Earth day sucks. It’s harmful.

It provides a cop-out, marketing-based, feel good way for people and companies to feel good about half-assed lame excuses for making a real sustainable difference.

Every day should be earth day. This one-day-per-year stuff is garbage. This “oh! what did you do for earth day?” feel good crap doesn’t help. Frack off. Every fracking day is earth day. What did you do for EVERY OTHER DAY OF THE YEAR earth day?

Calgary NW Landfill - 3

Just like striving for “carbon neutrality” isn’t going far enough. We’ve got to start undoing a half century of crapping all over this planet, and these silly Hallmark™ sound bite gestures just don’t cut it.
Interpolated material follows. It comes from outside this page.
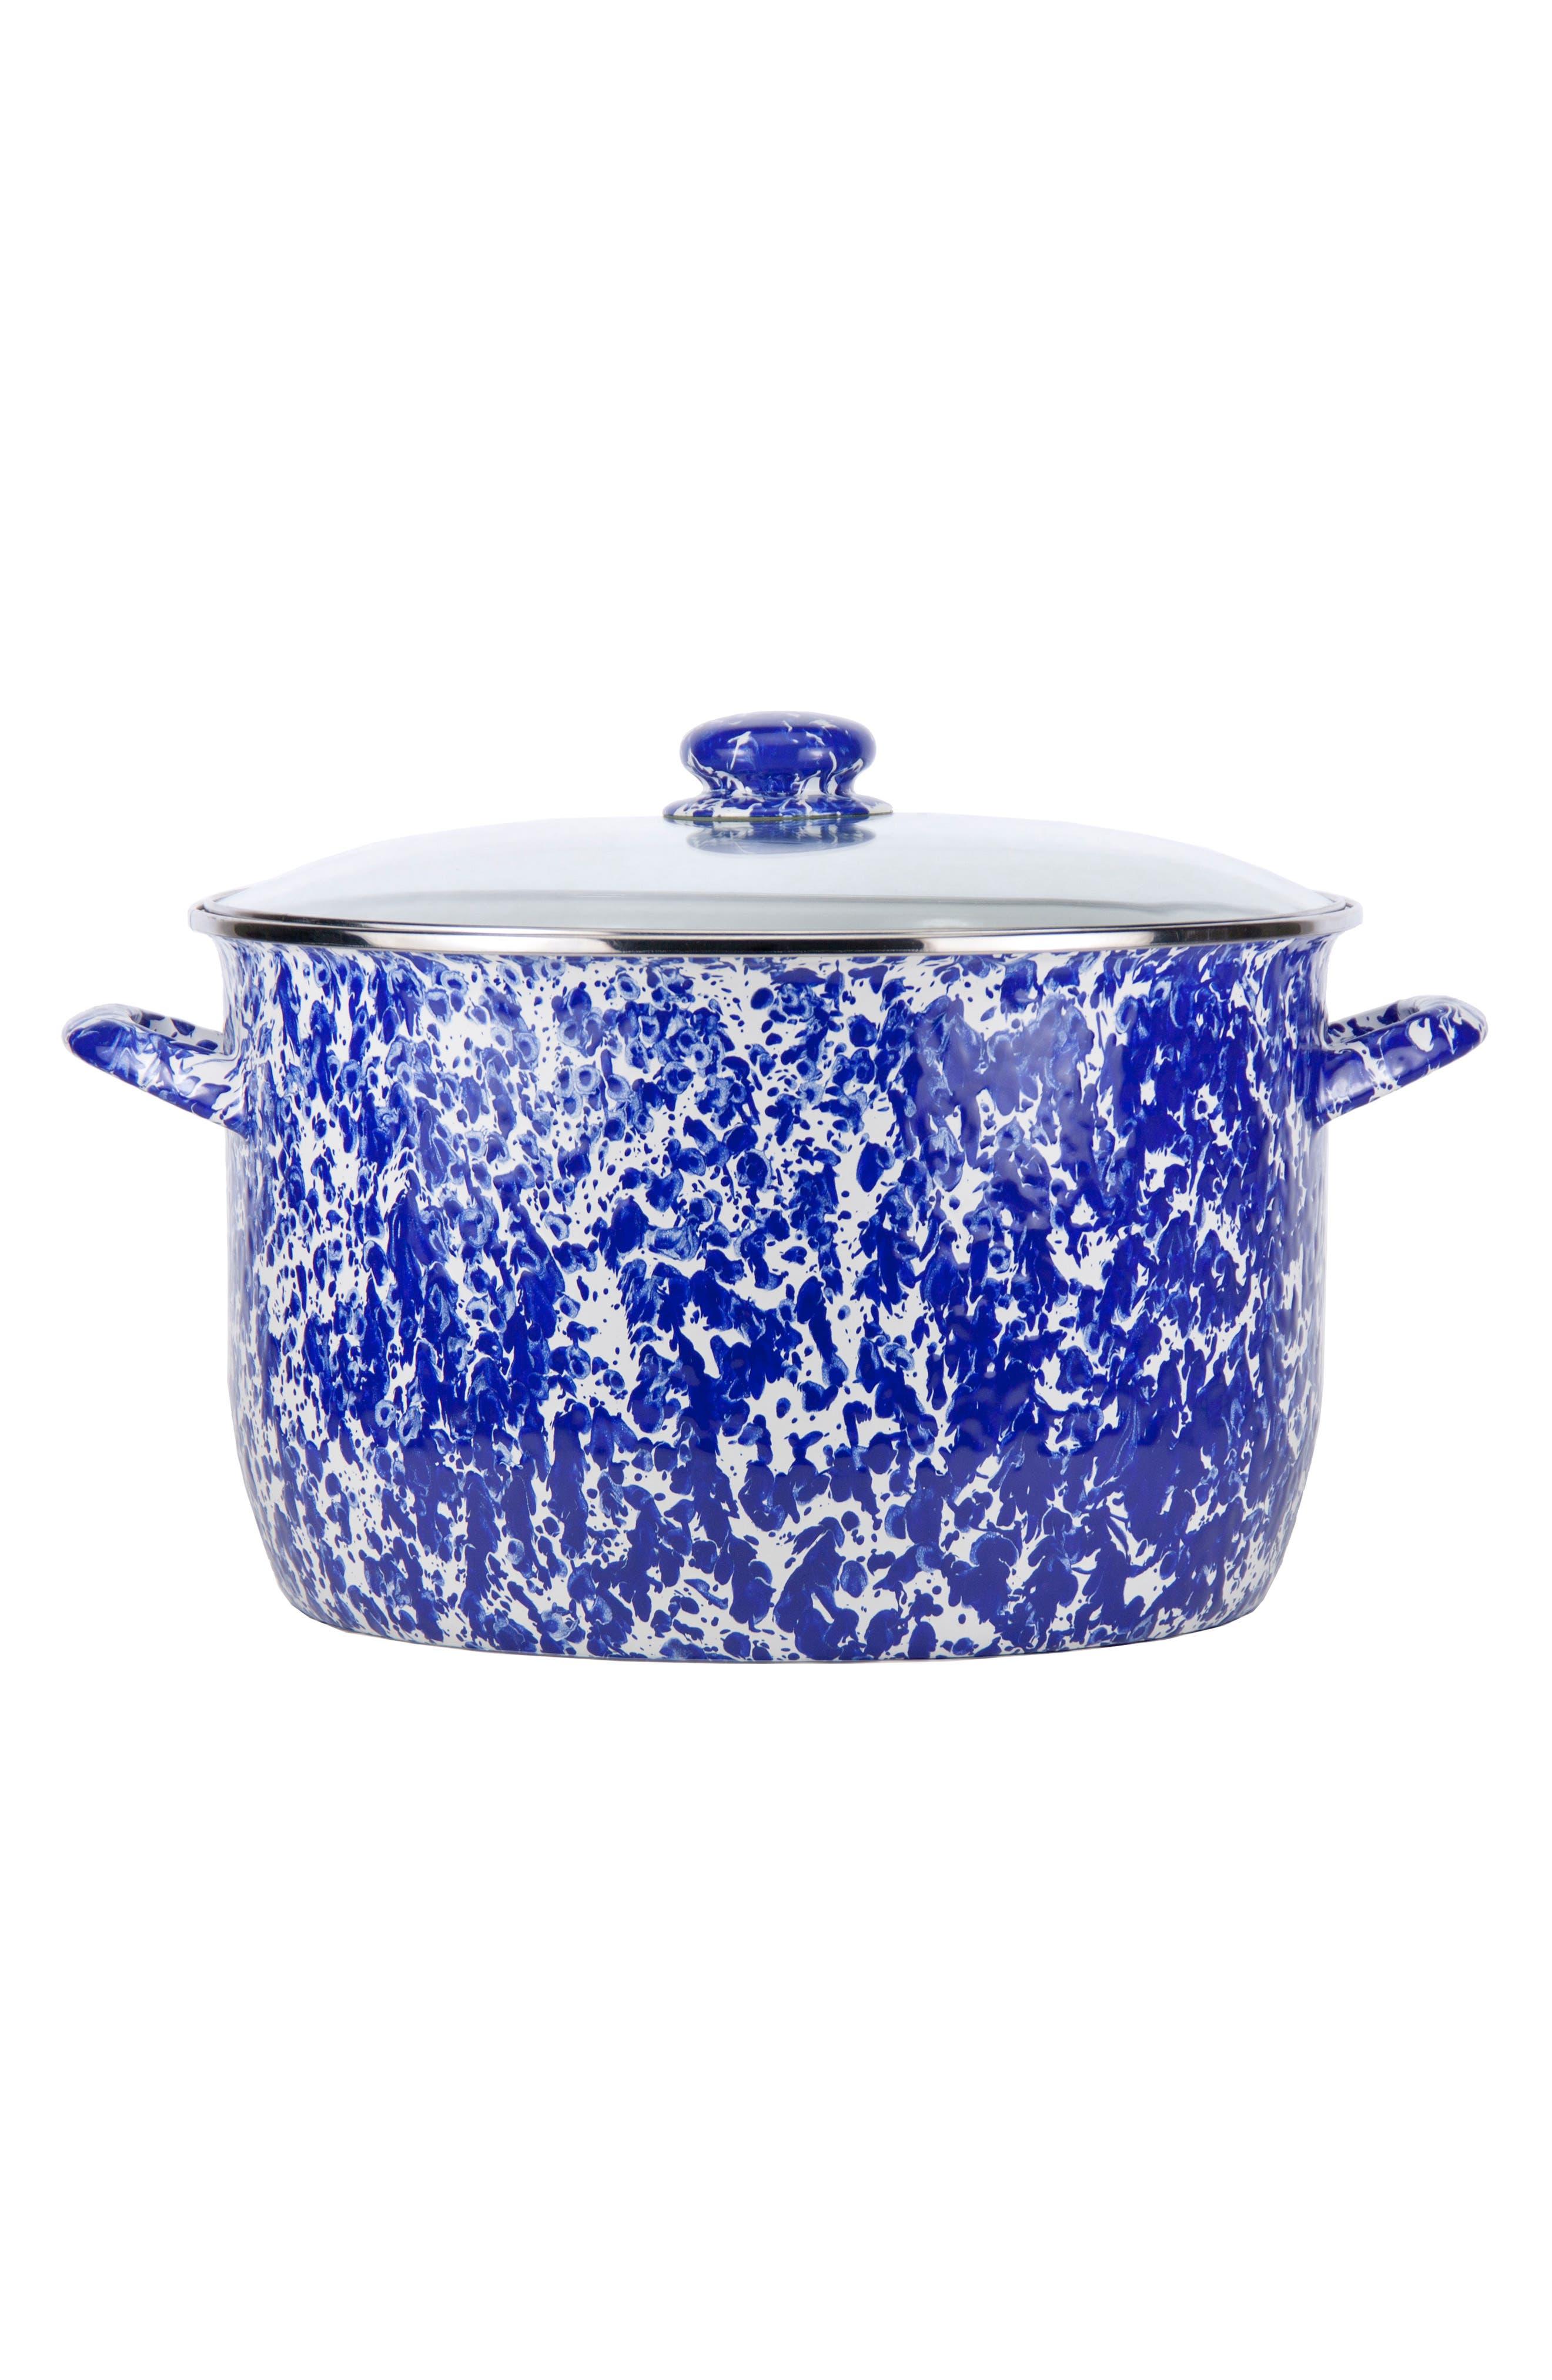 18-Quart Stock Pot,                             Main thumbnail 1, color,                             BLUE SWIRL

Yeah, awareness is good. But, really, who needs to have their awareness raised? This is 2008. This is post-Inconvenient-Truth. This is not news to anyone who can or will do anything about it. Can we stop the silliness now, and just assume that saving the earth should be a mainstream, full-time activity and not some stupid annual event? The “Green” issue of Vogue. The “Green” episode of $stupidTVShow. The celebrities touting their guilt-salving charity work. Ridiculous.

As long as we have countries spending a trillion dollars on wars to secure cheap gas for SUVs, all the weak gestures in the world don’t amount to a hill of beans. As long as we have countries willing to strip mine entire provinces to extract petroleum to keep the economy booming, switching a few light bulbs isn’t going to make much of a difference.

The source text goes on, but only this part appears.